In my opinion, you really discover your fitness level when you try and go for a jog.
I’d been working out on a cross trainer for a couple of months, five times a week. I’d even built things up a bit, exercising for longer, and on a harder setting.
But I wasn’t at all confident ahead of my first jog in years, training for the Maccabi GB Community Fun Run. Running is a completely different form of exercise. You use your whole body - and if you’re not fit, there’s no hiding it, because before you know it, you’ll be out of breath.
And so it proved. I’d got my running shoes on, made a special running playlist on Spotify, had a good long drink of water – basically, I had done everything apart from going on the run itself. But I could finally procrastinate no longer, and after doing pre-exercise muscle stretches, I jogged down the road. And then I jogged down another road, and the road after that – which is when I stopped for the first time. My heart was beating like an EDM anthem, and I was breathing hard and fast. But at least I’d known that was going to happen – I wasn’t under any sort of illusions about my level of fitness.

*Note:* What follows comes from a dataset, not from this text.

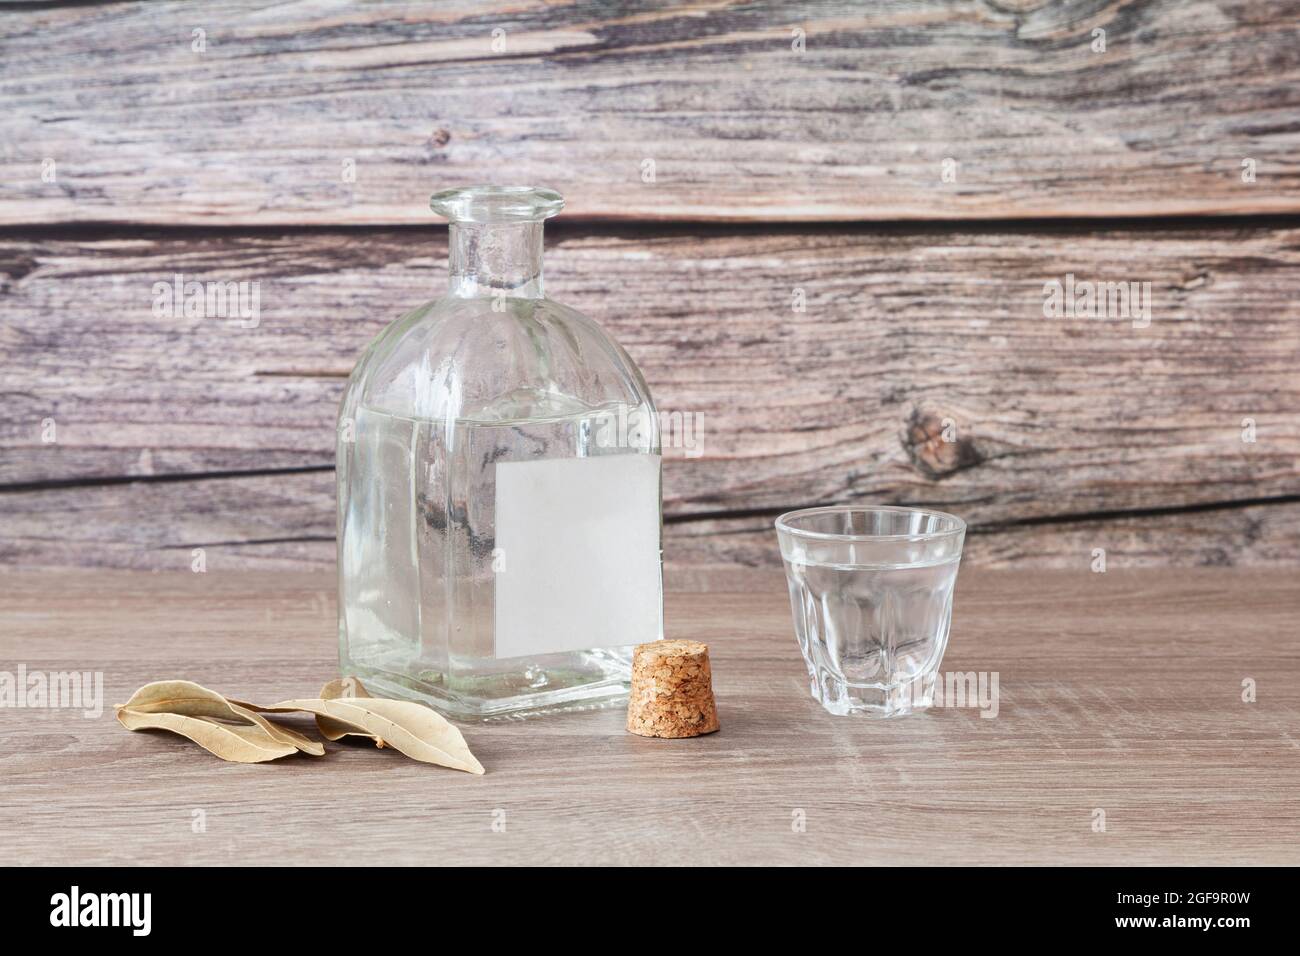 Auf einem Holztisch befindet sich eine ungekorkte Flasche Schnaps mit einem leeren Etikett und einem vollen Schnapsglas. Der Stopfen der Flasche ist neben ihr und es gibt al Stockfoto

I began running again, reminding myself to breathe in through my nose, out through my mouth. I managed to do another five hundred metres or so before stopping again.
And so that’s how I ran, starting and stopping. Running as far as I was able, then stopping until I caught my breath, then running again. I made deals with myself – you see that tree, far in the distance? You’re going to run until you reach it, and then you can have a rest.
I staggered back into my house a century later (ok, more like 25 minutes), drenched with sweat, but feeling that sense of exhausted accomplishment that often comes with a bout of proper exercise.
What is more, while on my jog, someone from the community saw me and cheered me on – and I knew that he must have read my previous column about training for the Maccabi GB Community Fun Run. If I’m going to be putting myself through the wringer, I’m glad people are reading about it.